Although the young Queen Yun was technically the king's Principal Consort by official amendment, Jungjong's concubines were older than her and some of them had more power as princes' mothers which surpassed her own, for instance Park Gyeong-bin who was Prince Bokseong's mother and Hong Hui-bin who was Prince Geumwon's mother. Park Gyeong-bin was also the adoptive daughter of Park Won-jong, the maternal uncle of Queen Janggyeong. Park was also the younger brother of Grand Internal Princess Consort Seungpyeong, the wife of Grand Prince Wolsan and daughter-in-law of Queen Insu.

Hong Hui-bin was the daughter of Hong Kyŏngju, one of the Hungu faction leaders. Hong Kyŏngju, Nam Kon and Sim Chŏng were collectively called "Evil Three of Gimyo" because of their role in the literati purge. Park Gyeong-bin and Hong Hui-bin were supporters of the faction.

To protect the Crown Prince from rival royal concubines, Yun formed alliances with court officials. These actions allowed her to maintain her position at court and led her to become involved in state affairs, albeit in a limited capacity, as early as age 18.

During her early years as the Queen, she had a bad relationship with Park Gyeong-bin who devised a plan to place Bokseong in line to the throne by having the Crown Prince deposed and the Queen opposed it. Park Gyeong-bin was also plotting all sorts of conspiracy to monopolize Jungjong's love which dramatically estranged her relationship with her husband to the point that he barely paid any attention to her and frequented Park Gyeong-bin's residence which scarred her own prestige and the Queen.
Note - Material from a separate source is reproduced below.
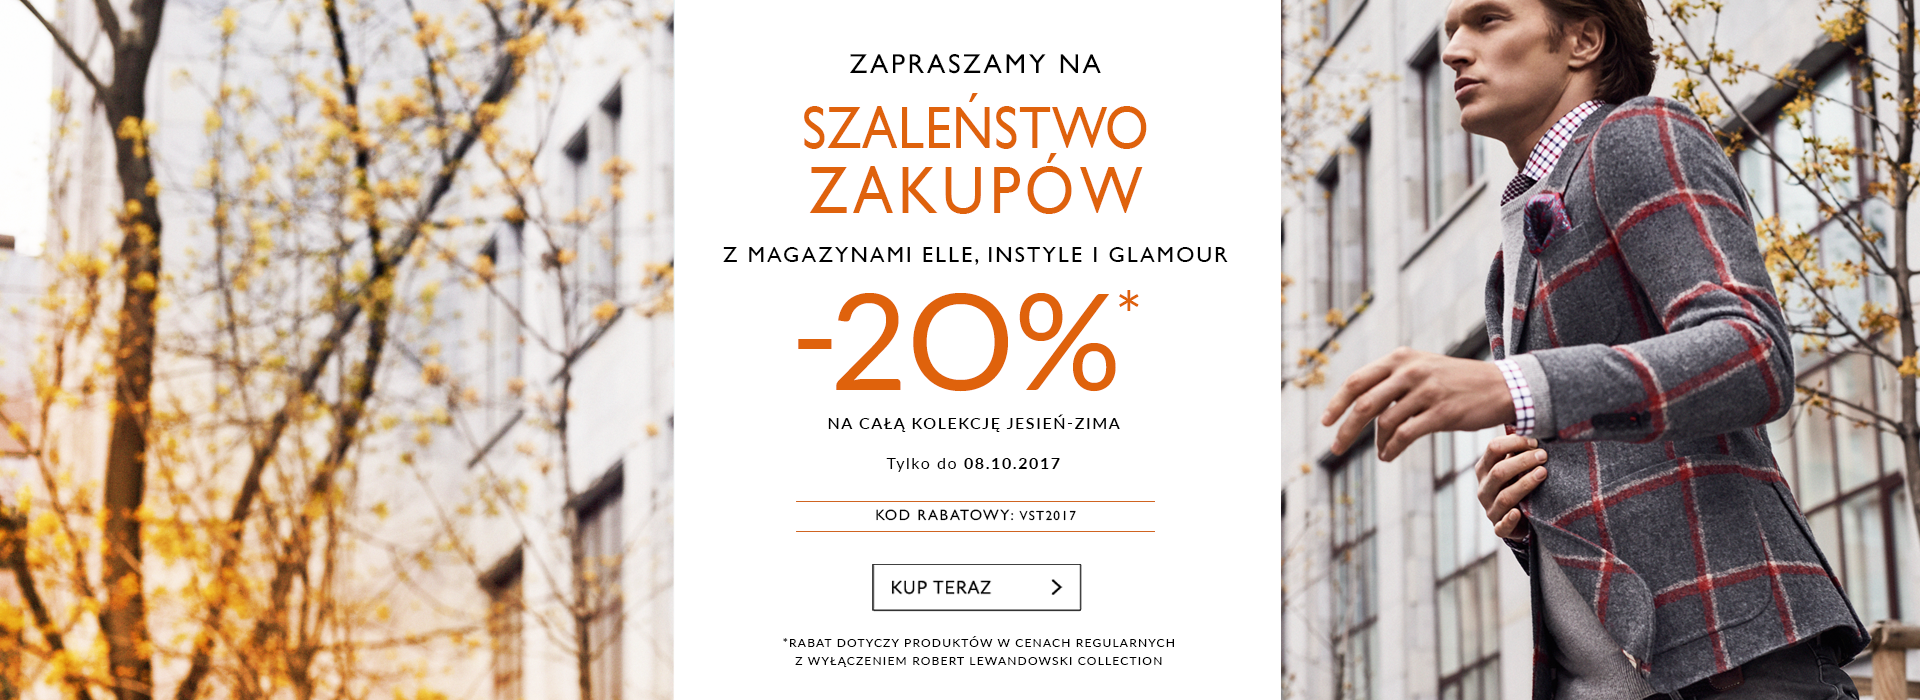 Vistula Vistula: weekend zniżek 20% rabatu na całą kolekcjęjesień-zima

On the other hand, the Queen herself gave birth to three daughters and had no son for 17 years despite Jungjong's expectation to have a prince which only intensified the arrogance of the three Consorts.

Queen Yun as a result decided to retaliate first by manipulating the protection of her mother-in-law the Royal Queen Dowager Jasun who dared to stand up against the three Royal Noble Consorts. It is to be considered that Joseon having been a strongly confucian state that emphasized filial piety and the strict ranking system, the Consorts went to great lengths to refrain from annoying the Queen Dowager who was more strict on affairs of the Internal Court. After her father's death in 1522 Hong Hui-bin herself lost her prominence, a background upon which the young Queen succeeded in having her ousted from Royal precincts on charges of misusing Royal Authority and disrespecting the Queen who was the head of the Naemyeongbu.

Kim Allo soon returned from exile after Nam Kon's death. After receiving a special pardon from Jungjong, whose realization had led him to believe that the latter's presence was necessary to restrain resistance from Nam Kon's extremist supporters and as he was desperate to settle the scores, his first action was to accuse Sim Chŏng for accepting bribes from Park Gyeong-bin to help her put Prince Bokseong in line for the throne. Kim went ahead to fabricate evidence framing Sim Chŏng and Gyeong-bin on the charge of cursing the Crown Prince using witchcraft after voodoo objects were unearthed in the young prince’s Palace, an act which was strongly condemned and punishable by death. Jungjong eager but cunning and wise enough to not show it acquiesced to grant a Kim Allo a Royal sanction with ease that permitted Sim Chŏng, Park Gyeong-bin and Prince Bokseong's execution in cold blood in 1533 immediately.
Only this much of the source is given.